To build off the HDAC4 array screening approach and further refine the list of potential direct HDAC4 target genes in cardiomyocytes we performed a genome-wide occupancy mapping analysis in vivo using the DamID technique (Vogel et al., 2007). The approach consisted of expressing an HDAC4-adenine methyltransferase (Dam, from Escherichia coli) fusion protein to tag occupied DNA sequences by methylation in vivo. Methylated DNA fragments were then amplified, labeled, and hybridized to genomic arrays. We performed the DamID screen with both quiescent and hypertrophic cardiomyocytes using lentiviral vectors and a weak promoter to produce low levels of expression to guard against nonspecific methylation (Guelen et al., 2008). The screen identified 6,434 genomic targets under quiescent conditions, 4,961 targets under hypertrophic conditions, and 2,751 targets present under both conditions (Fig. S1). Thus, more loci were identified under quiescent/repressed conditions, and for loci that were present under both conditions; the peak ratio (HDAC4-Dam/Dam) was significantly higher under quiescent conditions than under hypertrophic stimulation (1.16 ± 0.001-fold increase; P < 0.0001). Corroborating these data, the number of loci with multiple peaks was significantly higher under quiescent conditions (33.8 vs. 29%; P < 0.0001). These data support the paradigm that class IIa HDACs are mostly repressive under quiescent conditions and that hypertrophic stimuli relieve this inhibition (Chang et al., 2004).

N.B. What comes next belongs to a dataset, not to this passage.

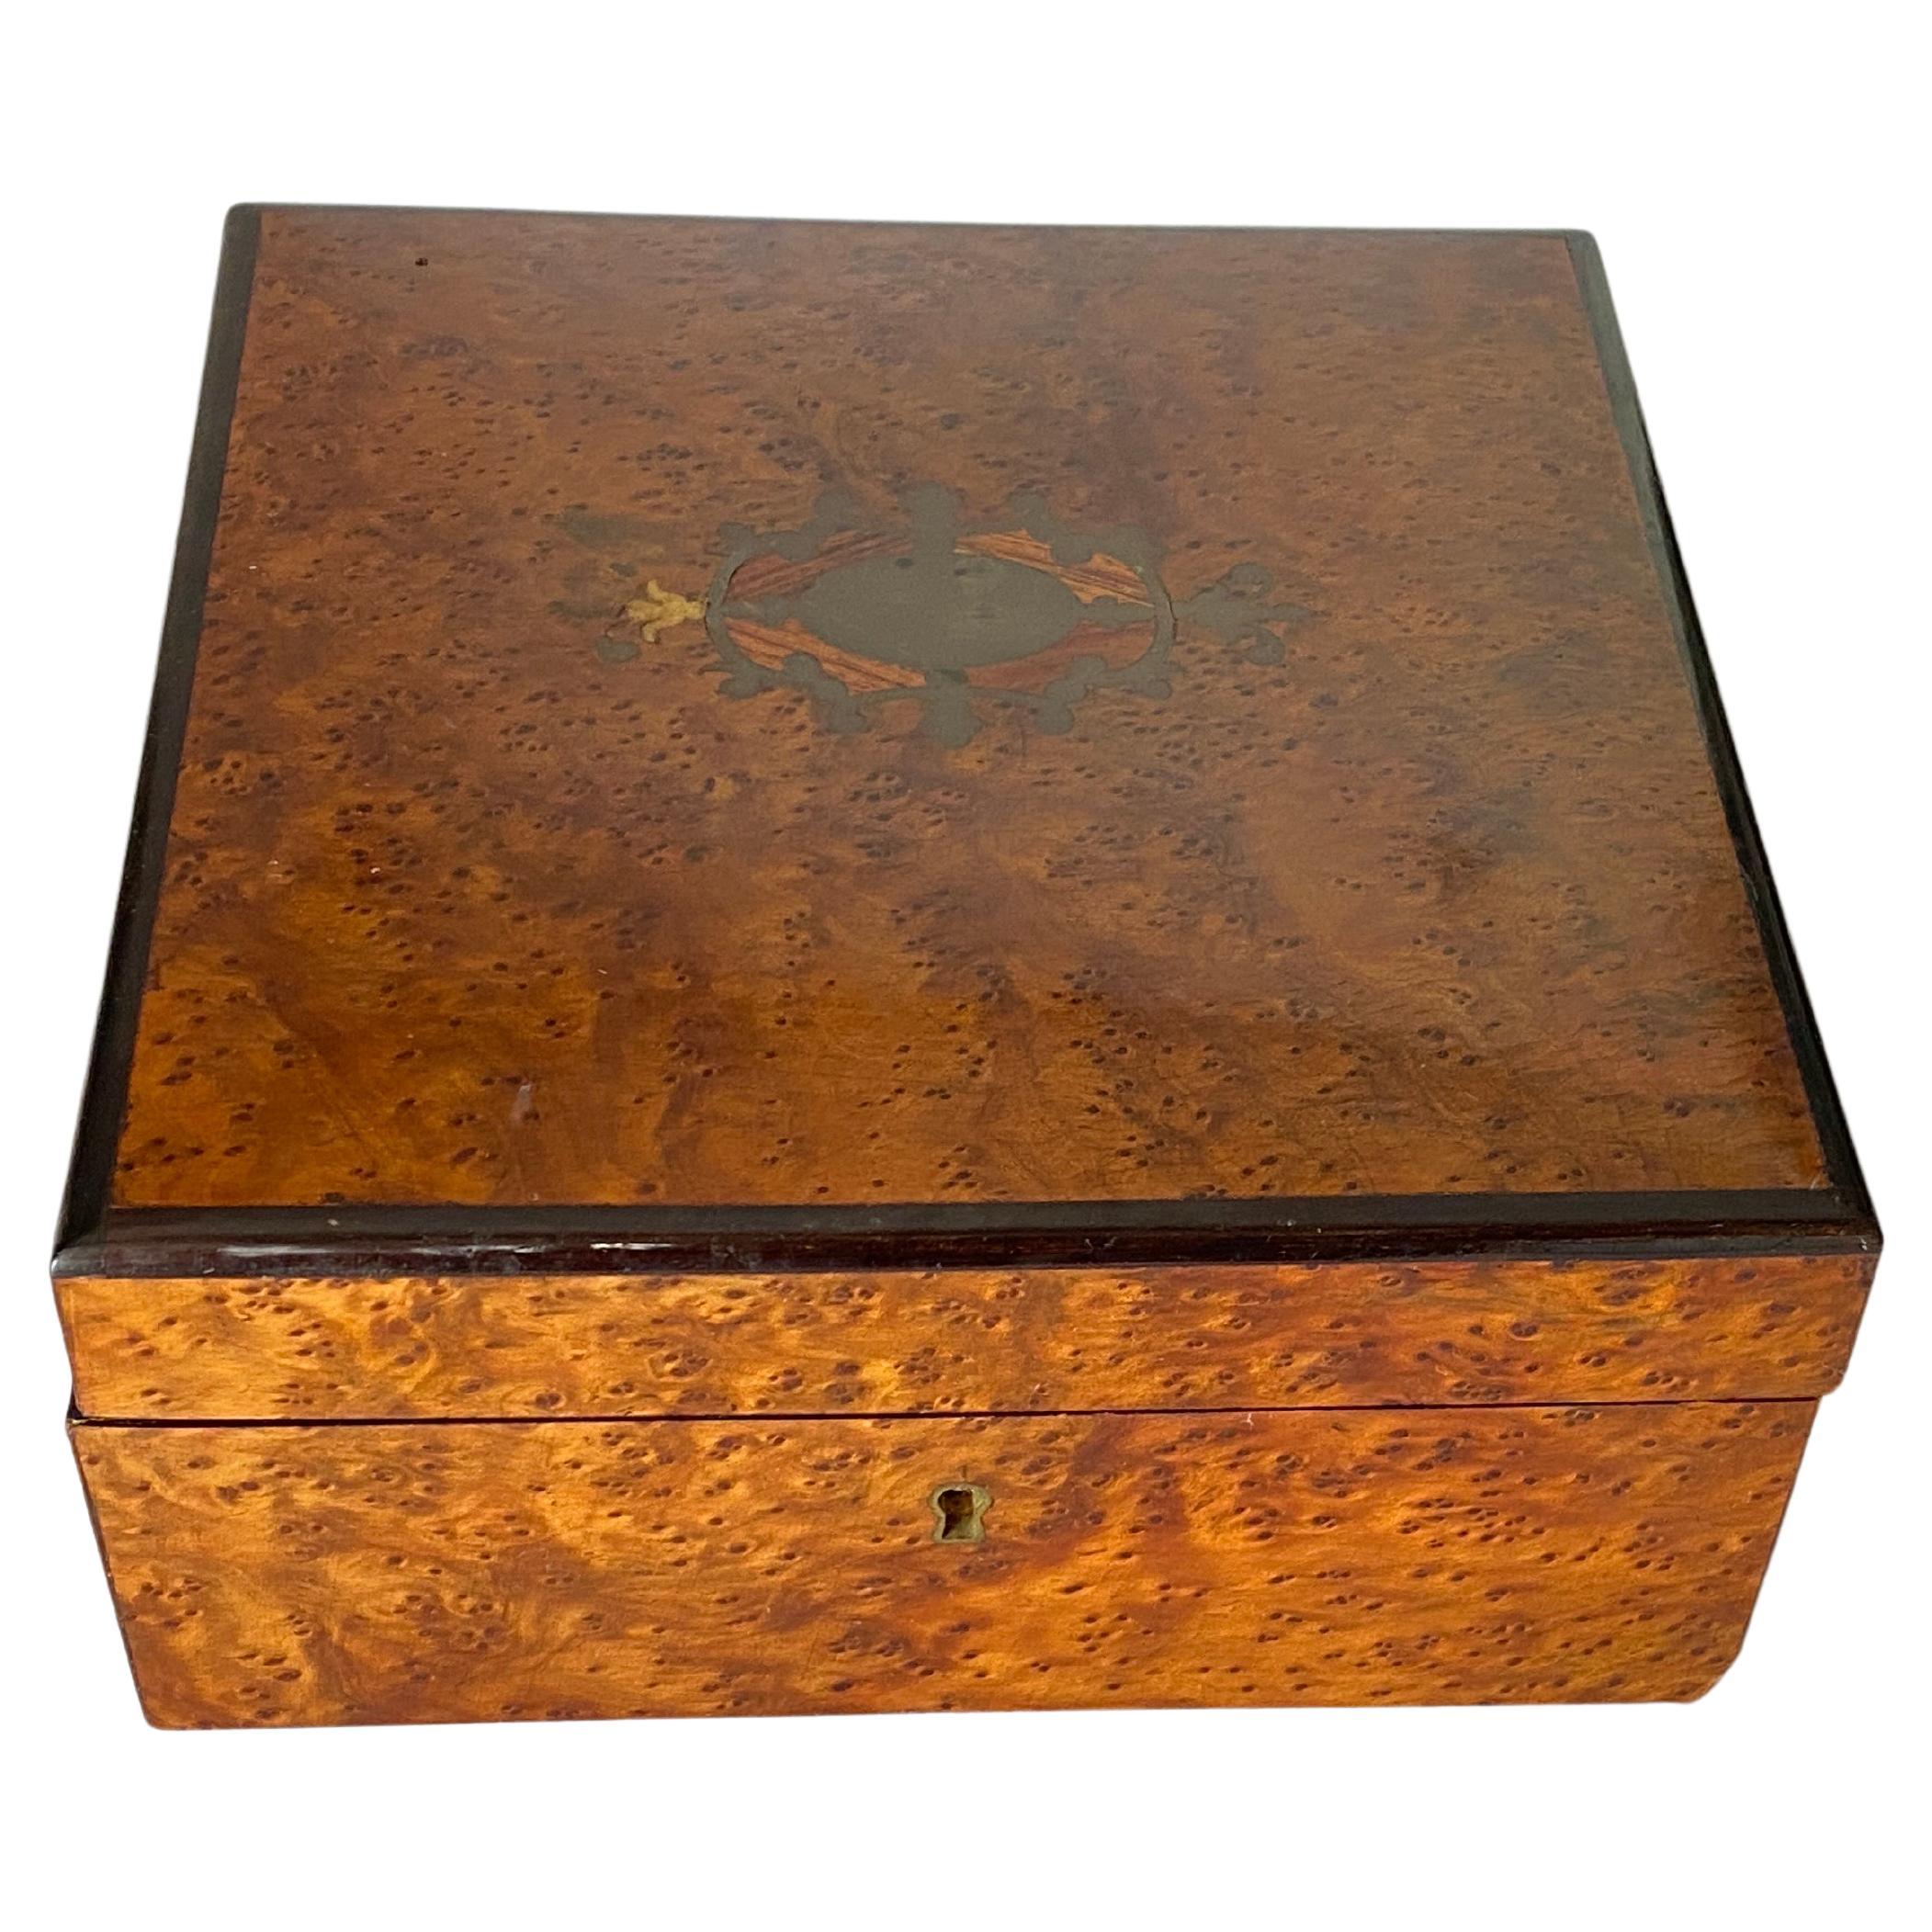 Box in Burled Wood and Silk Brown Color, France, 19th Century
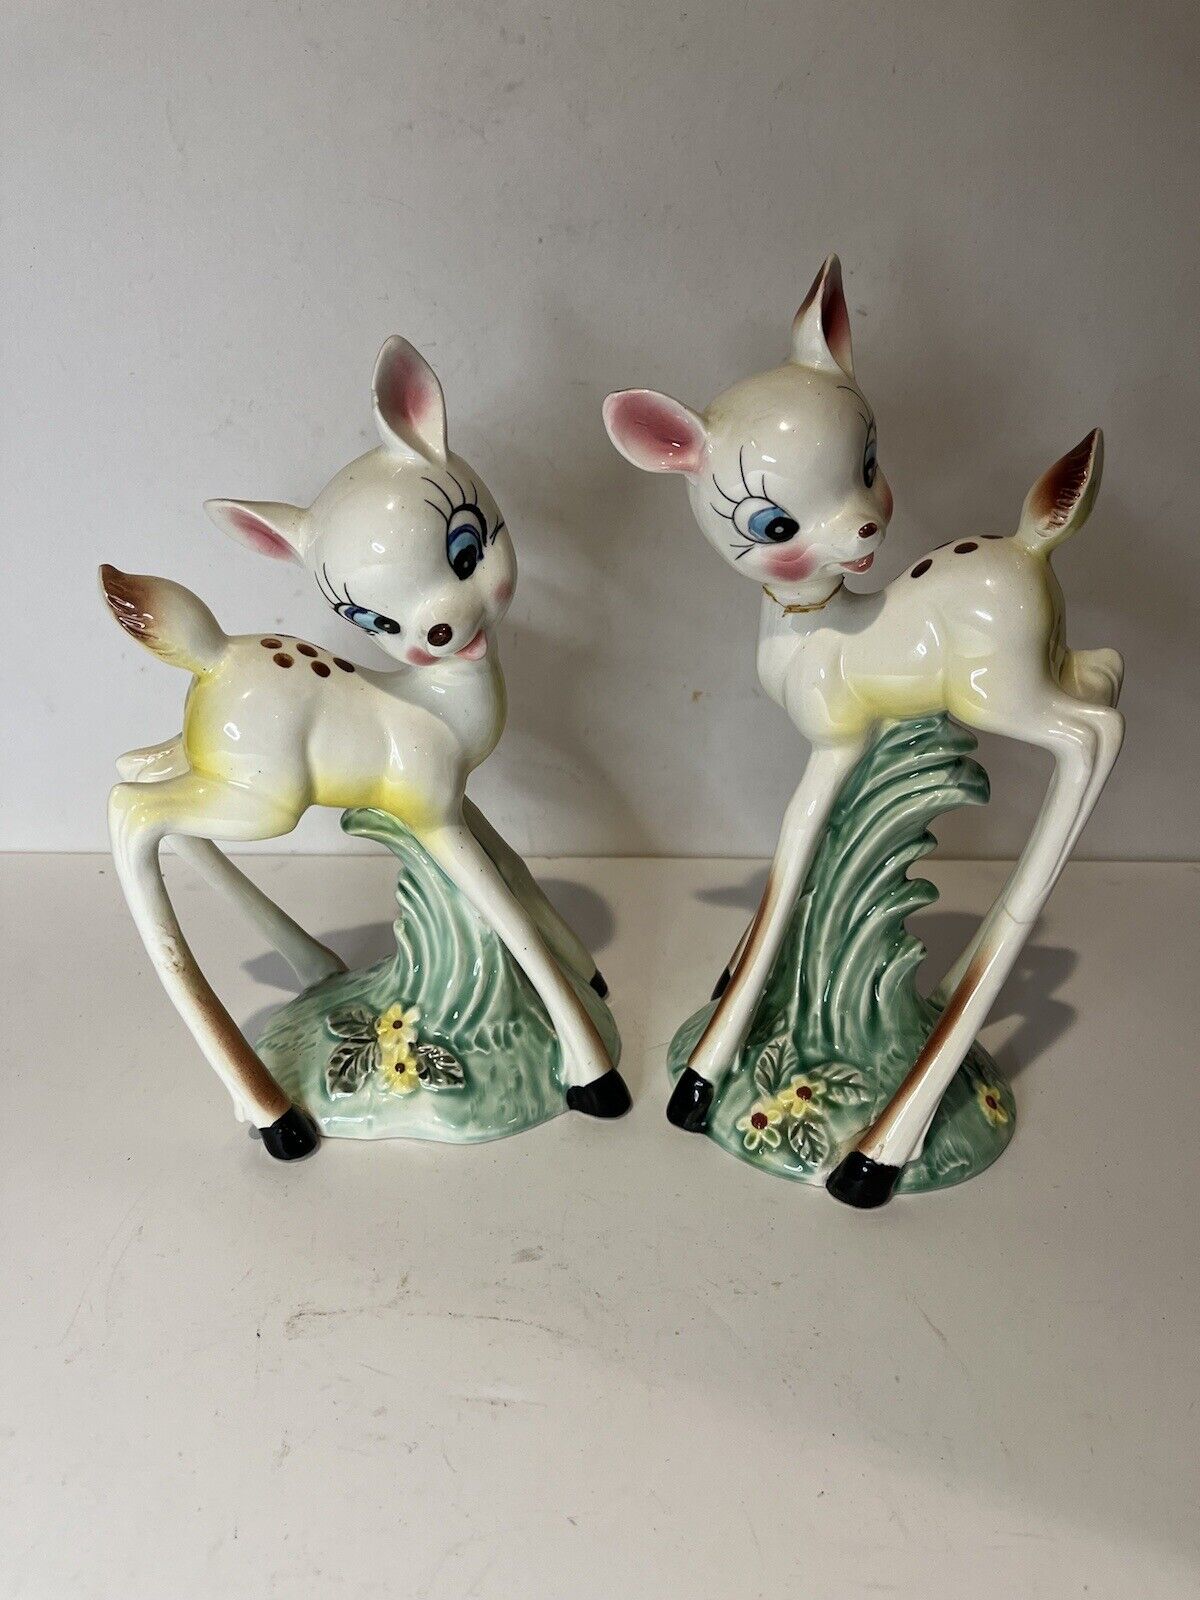 Rare Vintage Kitsch White Fawn Deer Made In Japan Figurine Pair Anamorphic

We next crossed the expression data with the genomic occupancy data to identify dynamically regulated HDAC4 targets. Of the 1,130 genes whose expression was significantly changed by HDAC4, 372 genes were identified as direct targets only under quiescence, 321 under hypertrophic conditions, and 221 under both conditions with the DamID screen (Fig. S1; data deposited in public database, see Materials and methods). These direct targets from the combined dataset displayed even higher enrichment scores for the contraction and the Ca2+ ion homeostasis gene groups (Fig. S1, chi square; P < 0.02), indicating that HDAC4 specifically controls select functional gene groups in the heart. We also performed a search for evolutionary conserved motifs in the promoters (−2,000 to +500 bp) of the HDAC4 target genes. However, multiple analyses did not reveal a conserved DNA sequence motif, suggesting that HDAC4 can function more broadly and is not restricted to conserved transcription factor binding sites.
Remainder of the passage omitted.